§ **Directions**
In the data below, locate the line containing "план кухни открытый" and the line containing "DPR Papua Barat", then retype both and everything between them exactly. Pictures are not part of the copy.

§ **Entries provided**
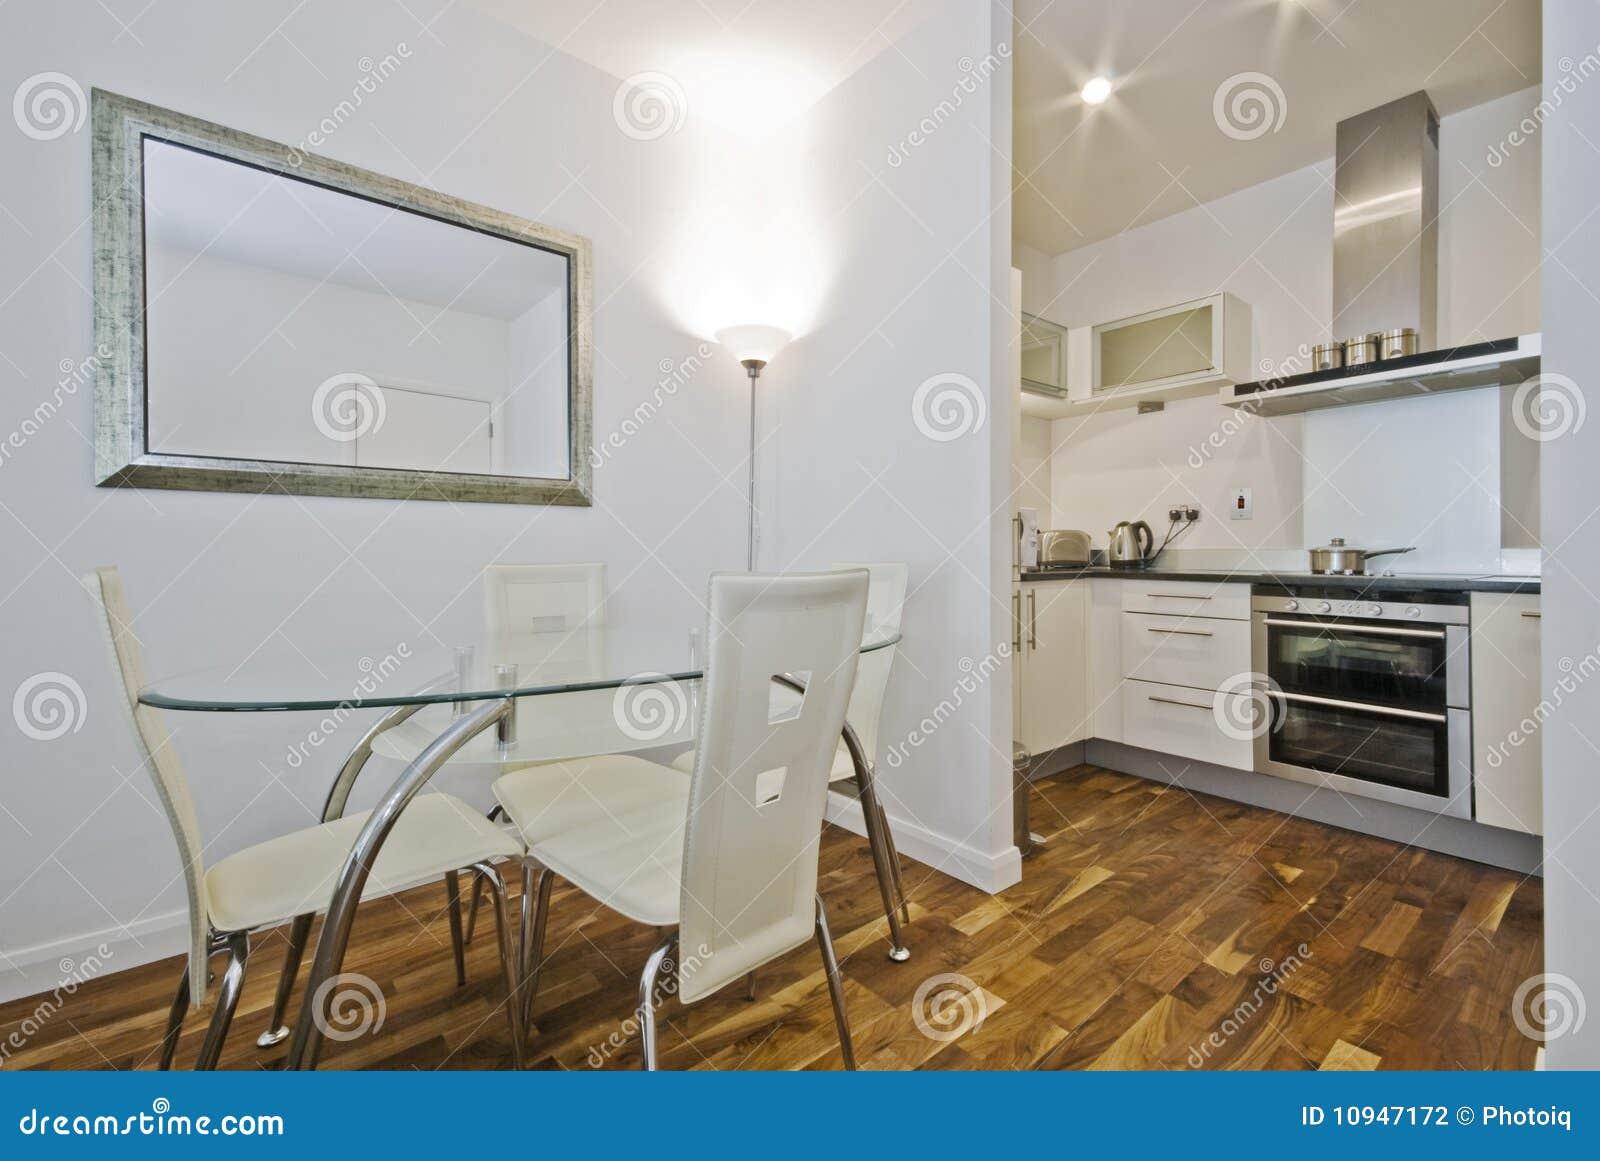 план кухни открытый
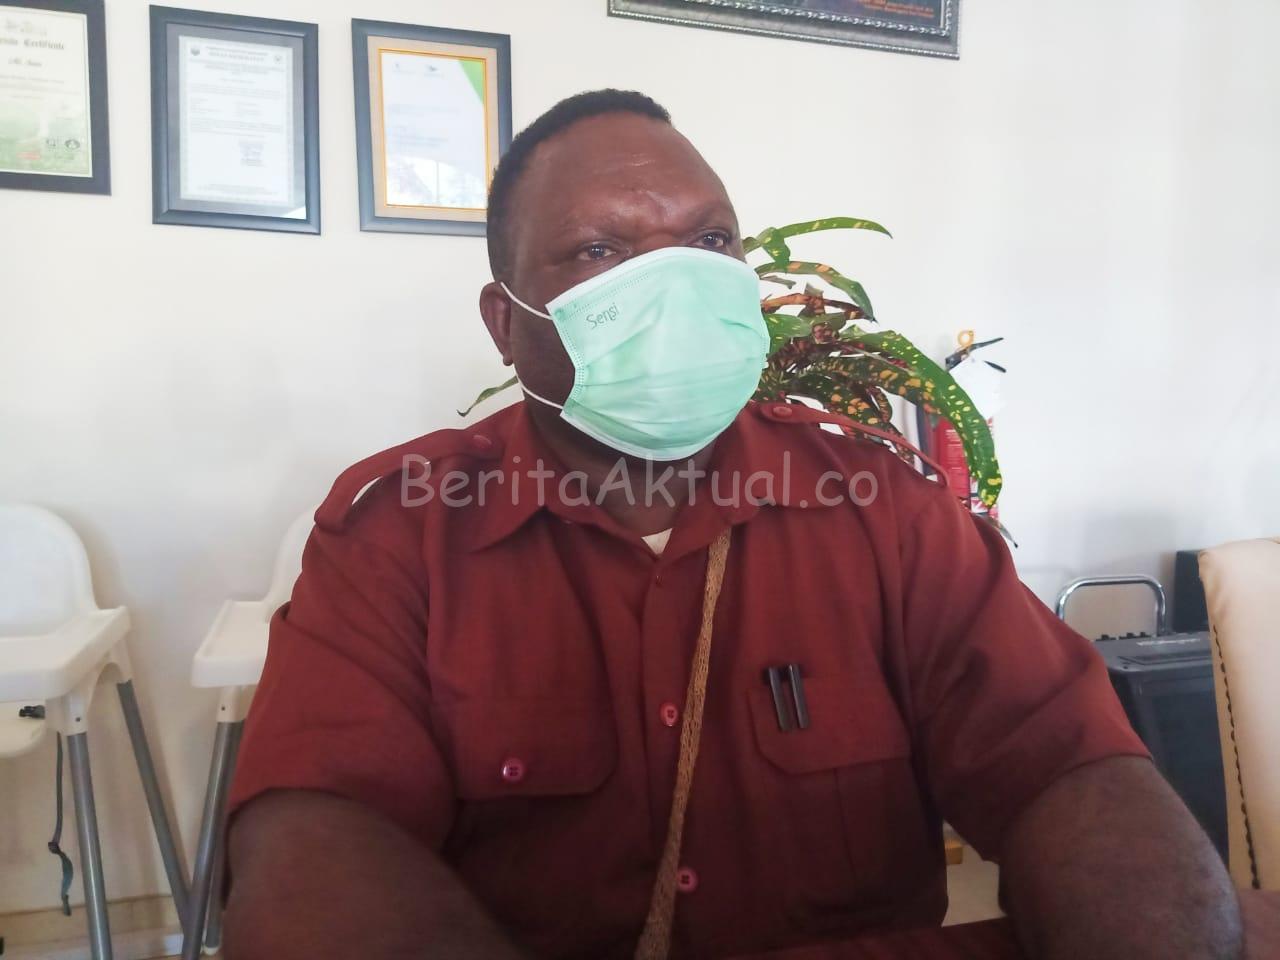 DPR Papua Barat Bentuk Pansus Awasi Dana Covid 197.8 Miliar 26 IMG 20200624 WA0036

--

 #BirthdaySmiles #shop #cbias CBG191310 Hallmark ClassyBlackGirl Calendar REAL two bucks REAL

§ **Solution**
 план кухни открытый
 DPR Papua Barat Bentuk Pansus Awasi Dana Covid 197.8 Miliar 26 IMG 20200624 WA0036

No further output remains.